CCSDSPy / ccsdspy

I/O interface and utilities for CCSDS binary spacecraft data in Python. Library used in flight missions at NASA, NOAA, and SWRI
https://ccsdspy.org
BSD 3-Clause "New" or "Revised" License
74 stars 18 forks source link

Add support for loading variable length packets from CSV #115

Closed jmbhughes closed 4 months ago

jmbhughes commented 4 months ago

When completing #114 , I noticed that you cannot load variable length packets from a CSV. There is no way to do the reference linking or specifying an expanding field. PUNCH would like to load variable length packets from CSV. I'm happy to work on this, but I'd like guidance on how you want this structured. At the moment, the loading CSV is in the _BasePacket class. This change would make the loading different for fixed and variable length.

ddasilva commented 4 months ago

Thanks for pulling on this thread!

I was thinking of a couple ways this could work:

  1. Have the data_type column support values like uint8(*) (expanding) or uint8(other_field) (reference linking) or uint8(3,3) (3x3 array)
  2. Add a new CSV column for array_shape, which maps directly to the keyword argument

Option 1 seems maybe more readable when skimming the file, but Option 2 is easier for code to work with.

What do you think?

jmbhughes commented 4 months ago

I can see pros and cons with both. Option 1 does not require existing CSV files to be modified for anyone already using this feature. Option 2 is simpler to write (both code on our side to process and the CSV on the user side) and understand, but it feels less elegant to have empty entries for PacketFields. I like the idea of keeping the data type and array shape columns separate and making them directly correspond to the code keywords.

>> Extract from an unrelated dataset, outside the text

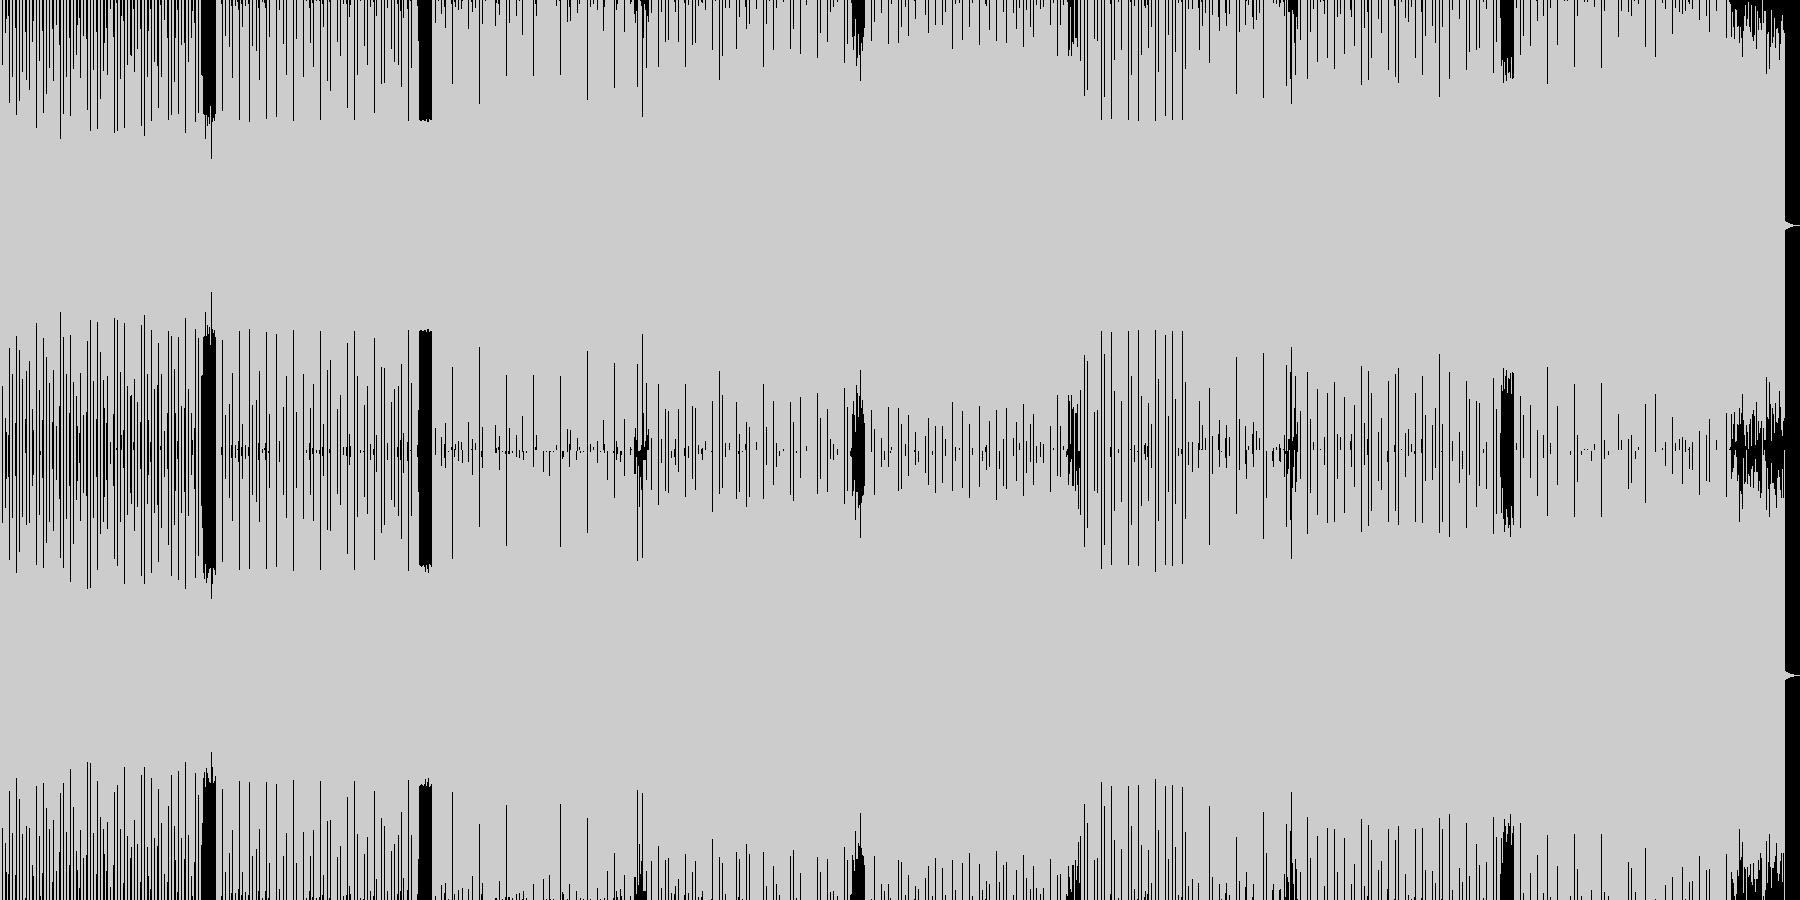 かっこよさを追求したダンステクノの未再生の波形
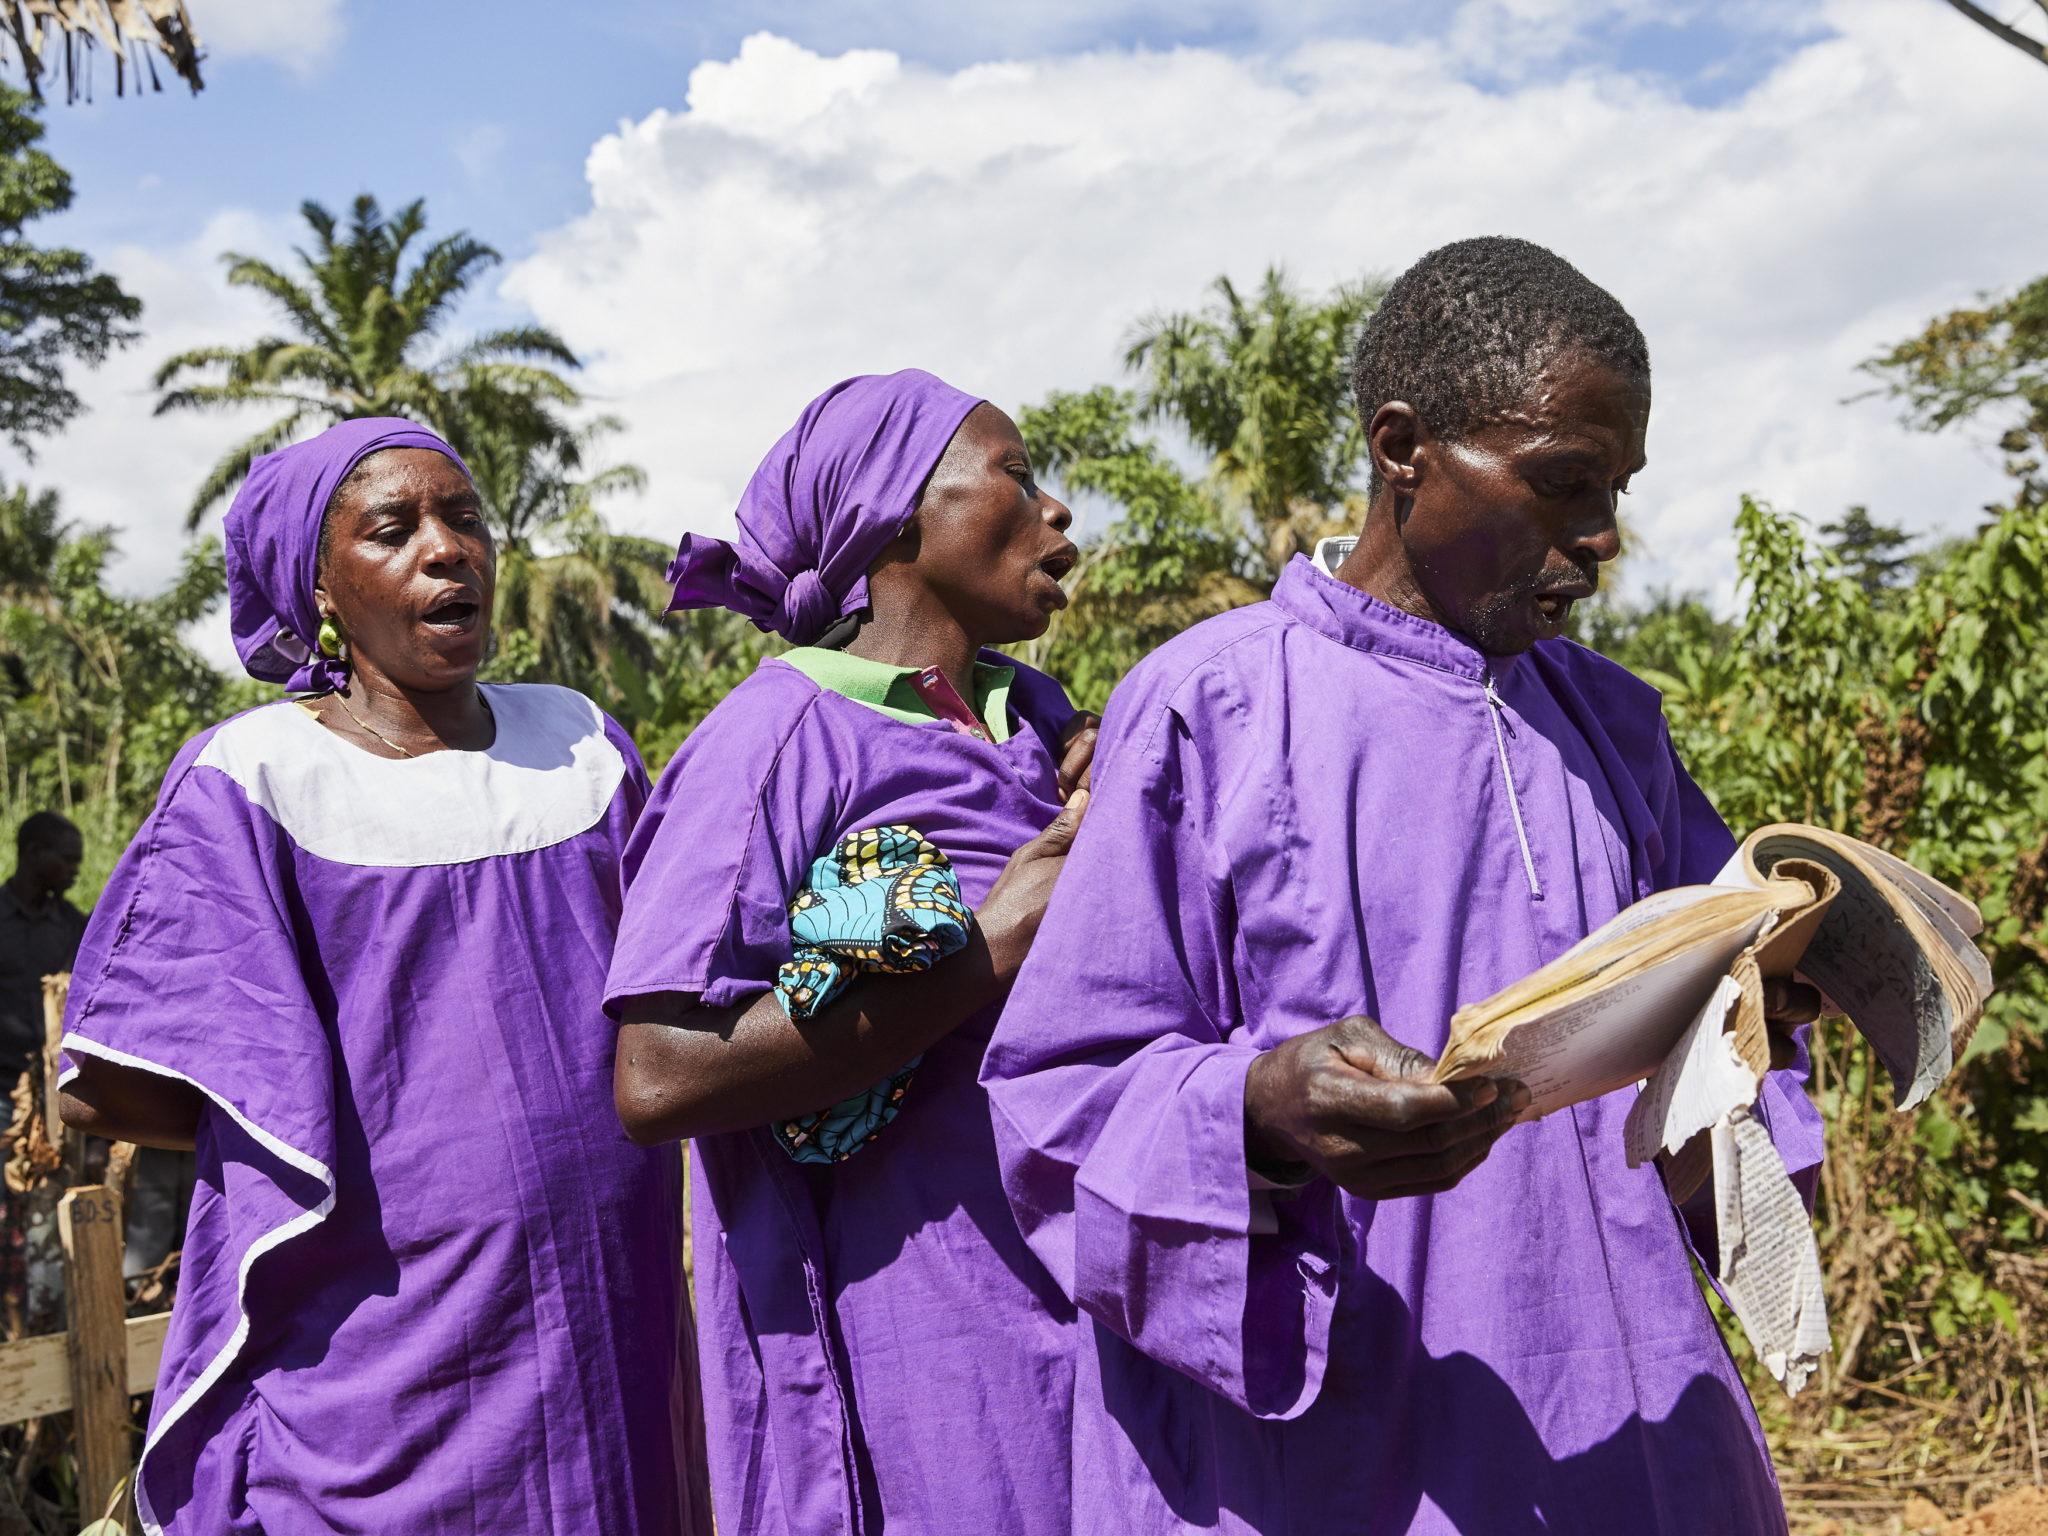 Pogrzeb zmarłego z powodu wirusa ebola w wiosce Mutwanga, Demokratyczna Republika Konga, fot. HUGH KINSELLA CUNNINGHAM, PAP/EPA

If there is already wide adoption of the CSV format, I would lean towards Option 1 since it doesn't break anything for users. However, I think I like Option 2 if the CSV loading feature is not currently widely used. Do you know if the CSV loading is currently being used by any mission?

If we go with Option 1, I wonder if it might be clearer to just literally write uint8(expand) so one doesn't have to remember the mapping between * and expanding... however said mapping does feel pretty obvious to me. So I'm not strongly committed to that opinion.

ddasilva commented 4 months ago

Any thoughts @ehsteve ? I think that some missions are using the CSV format, but we can do something like

from_file(file, version="v2") and change the default the next major CCSDSPy release

ehsteve commented 4 months ago

@ddasilva thanks for considering my opinion! I'm much more in favor of option 1 both because it does not break existing use of csv but also because it feels right to add new data types that expand.

Also I would use * and not the word 'expand' just in case someone wants to call one of their fields 'expand'. It also makes the code for parsing clearer.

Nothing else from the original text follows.